🤖 AI Summary
This work investigates the synergistic effects of pretraining, mid-training, and reinforcement learning (RL) post-training on language models’ reasoning capabilities—specifically whether RL genuinely extends the capability boundaries established during pretraining.
Method: We introduce a controlled experimental framework grounded in synthetic reasoning tasks, atomic operation modeling, and interpretable reasoning-chain generation. Training distributions are systematically manipulated, and process-level rewards are incorporated to guide intermediate reasoning steps.
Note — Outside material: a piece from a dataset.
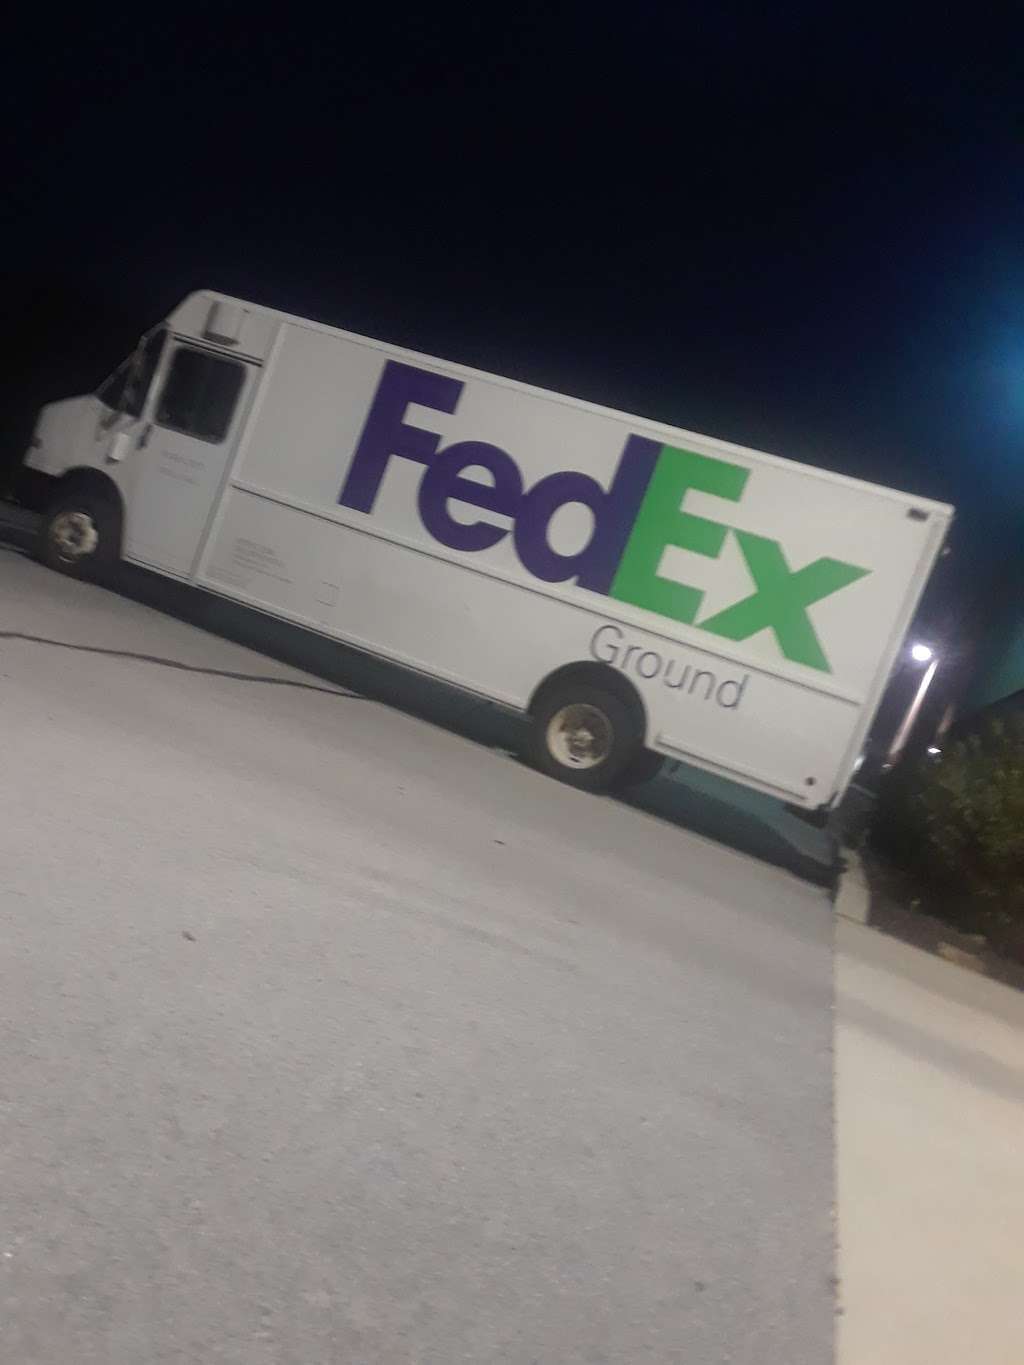 FedEx Ground | 10301 Bennett Pkwy, Zionsville, IN 46077 | Phone: (800) 463-3339

Contributions/Results: (1) RL yields genuine reasoning improvements only when pretraining preserves sufficient capacity *and* RL focuses on boundary tasks; (2) mid-training substantially outperforms pure RL under fixed compute budgets; (3) context-based transfer requires only minimal pretraining; (4) process-level rewards significantly enhance reasoning fidelity. Collectively, these findings provide causal evidence and principled design guidelines for reasoning-oriented language model training.
📝 Abstract
Recent reinforcement learning (RL) techniques have yielded impressive reasoning improvements in language models, yet it remains unclear whether post-training truly extends a model's reasoning ability beyond what it acquires during pre-training. A central challenge is the lack of control in modern training pipelines: large-scale pre-training corpora are opaque, mid-training is often underexamined, and RL objectives interact with unknown prior knowledge in complex ways. To resolve this ambiguity, we develop a fully controlled experimental framework that isolates the causal contributions of pre-training, mid-training, and RL-based post-training. Our approach employs synthetic reasoning tasks with explicit atomic operations, parseable step-by-step reasoning traces, and systematic manipulation of training distributions. We evaluate models along two axes: extrapolative generalization to more complex compositions and contextual generalization across surface contexts. Using this framework, we reconcile competing views on RL's effectiveness. We show that: 1) RL produces true capability gains (pass@128) only when pre-training leaves sufficient headroom and when RL data target the model's edge of competence, tasks at the boundary that are difficult but not yet out of reach. 2) Contextual generalization requires minimal yet sufficient pre-training exposure, after which RL can reliably transfer. 3) Mid-training significantly enhances performance under fixed compute compared with RL only, demonstrating its central but underexplored role in training pipelines. 4) Process-level rewards reduce reward hacking and improve reasoning fidelity. Together, these results clarify the interplay between pre-training, mid-training, and RL, offering a foundation for understanding and improving reasoning LM training strategies.